Sigh http://www.aota.net/ubb/frown.gif

auteur
03-06-1999, 05:16 PM
There is two ways to do this, Agent name or IP. I don't think the index has to be a cgi, though. I've not gone further than what I had before. If you're a member of searchenginewatch.com then head here for some insight: www.searchenginewatch.com/subscribers/delivery.html (http://www.searchenginewatch.com/subscribers/delivery.html)

If not, here's an exerpt:
The drawback to agent name delivery for many people is the fact that it is
possible for someone to trick your server into believing they are a search engine
spider. This means that your code is not 100 percent safe from prying eyes. However, agent name delivery is a simple and easy way for many people to get closer to the goal of code security.



IP delivery is much harder than agent delivery. It will likely involve some custom
programming to rig your computer to deliver pages based on an IP address. Moreover, IP addresses can often change. You can expect to be monitoring search engines on a regular basis to find any changes, if you decide to use IP delivery.

Hope this helps. http://www.aota.net/ubb/smile.gif I'd love to have a group effort on this. Oh, and the IP is the way to hide the code. With the amount of code stealling going on, I'd want to have a way to hide the source from visitors. http://www.aota.net/ubb/smile.gif

------------------
Elizabeth M. Miller
Getting You the Attention You Deserve!
www.123marketing.com (http://www.123marketing.com)

Justin
03-07-1999, 12:14 AM
I have to wonder how much of a difference it can really make to have agent specific pages. I'm not sure it would really generate that many more hits, considering the amount of work involved... am I just that new?? http://www.aota.net/ubb/smile.gif It just seems like that is a lot of work to trick the search engines.

I would imagine, if I had $800 - $1000 to spend on promotion for my site, I'd think that would be better spent on getting ads put up or site design - not a cgi. This is only my opinion, of course, and I'm not knocking the idea. I like the idea of building your own cgi to accomplish this, I just don't see spending that much money on something like that...

A lot of people would consider that spamming - I'm not sure where I stand on that right now, but it's certainly not the most honest way to generate traffic. I don't mean this to be against anyone, again, just my opinion, but if I had a thousand bucks to spend just to generate more traffic, I'd use it to buy a lot of coffee and just work on the site itself, and spend more time submitting to the search engines manually http://www.aota.net/ubb/smile.gif

I haven't gotten into Yahoo yet, but otherwise I've been satisfied with the SE's. AltaVista brings me quite a few hits, and the others have me listed. I guess I'm just not too worried about getting a million hits a day - with this particular site anyway. I make my money from downloads of my program, not hits to my site, and most of my downloads come from Download.com, etc, which has done me better than any SE could. My ad banners are just an extra buck or two every now and then http://www.aota.net/ubb/smile.gif I guess if that was my main reason for having a site, I'd be more interested in the SE's (and I would hope I'd do a better job designing the site, too http://www.aota.net/ubb/smile.gif)

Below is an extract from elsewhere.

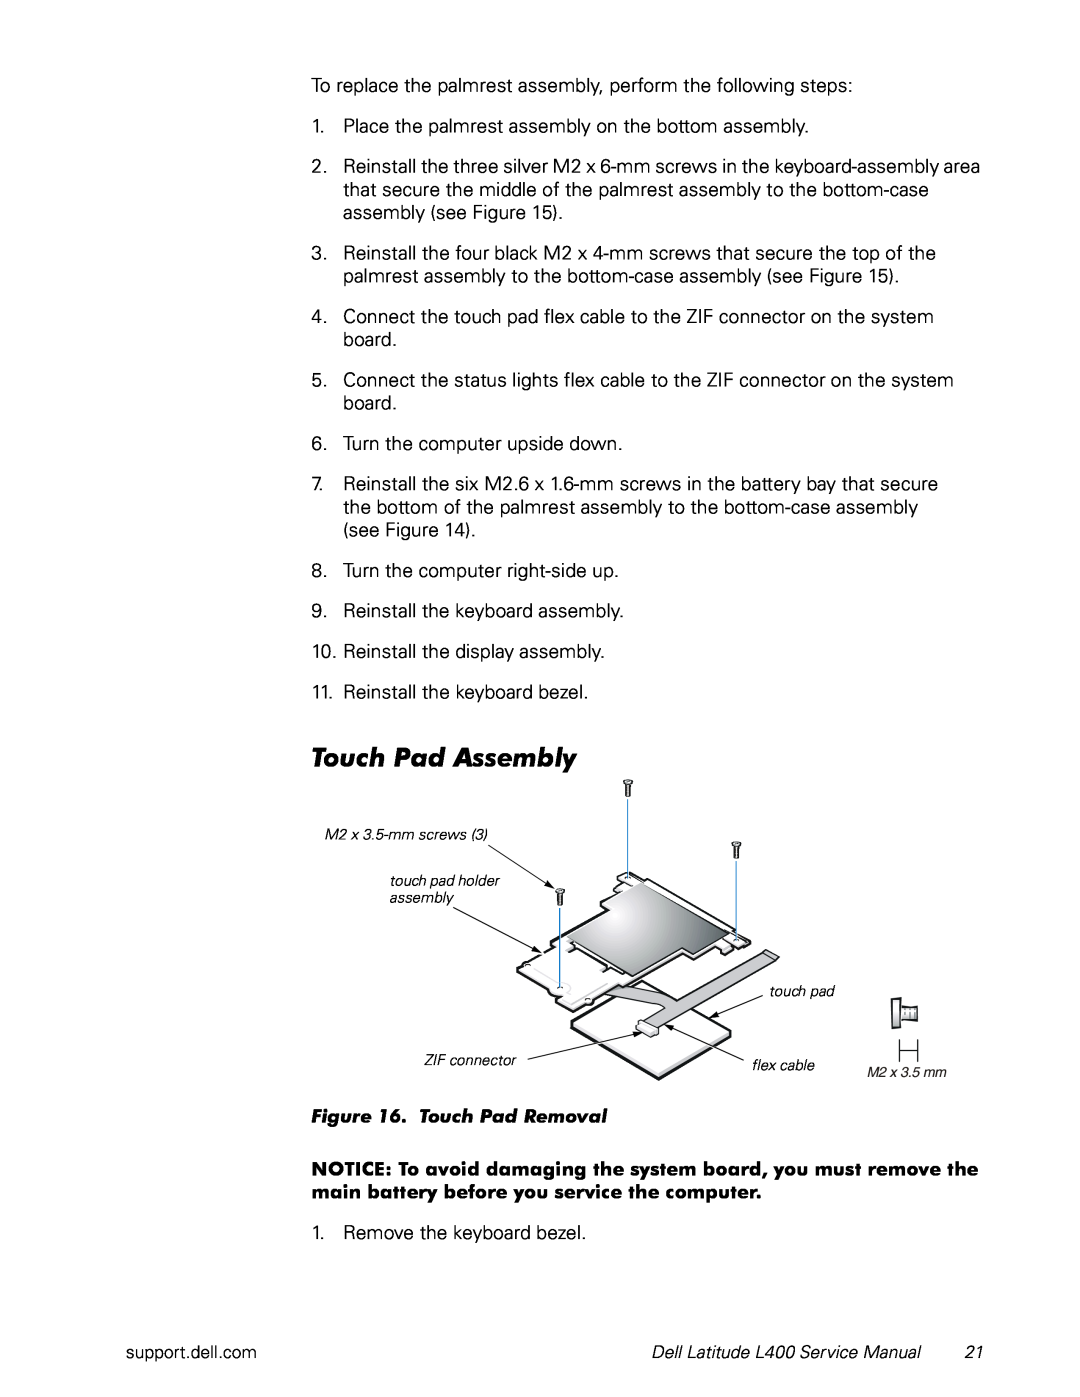 Dell L400 service manual Touch Pad Assembly, Touch Pad Removal

On a side note, Windows keeps changing the registry back. I keep altering it and it puts it back http://www.aota.net/ubb/frown.gif It has a mind of it's own...

------------------
Justin Nelson, SFE Software
www.vdj.net (http://www.vdj.net)

[This message has been edited by Justin (edited 03-06-99).]

jenili
03-07-1999, 01:06 AM
The visitors are never redirected, they go directly to the main page right from the search engine. It's a IP or Agent watch for when the search engines hit yourserver/logs ... the robot will see the doorway created for that specific engine and will then be indexed.


A good idea. Folks, in its base form this is [b]very[/i] simple to do. Just make your home page a CGI application (name it index.cgi and add a line to your .htaccess file to use index.cgi as a home page name, oh, and another line to enable CGI as a file type in that directory -- caution, this has some implications.) The CGI application, in a really simple form, would be something like this.
----

$ua = $ENV{'HTTP_USER_AGENT'};

if ($ua eq Yahoo user-agent string)
{$file = "yahoopage.html";}

(repeat above for each user-agent)

if ($file eq "")
{$file = "index.html";}

open (UAPAGE, "<$file");
@page = <UAPAGE>;
close (UAPAGE);
print @page;

---

So what are the user-agent strings for Yahoo and all the rest? See
http://info.webcrawler.com/mak/projects/robots/active.html

'Course, if you want to do this for a *lot* of user-agents, you're going to get sick of all those if statements. You'll want to create a hash table instead, with the user-agent string and the customized page to deliver.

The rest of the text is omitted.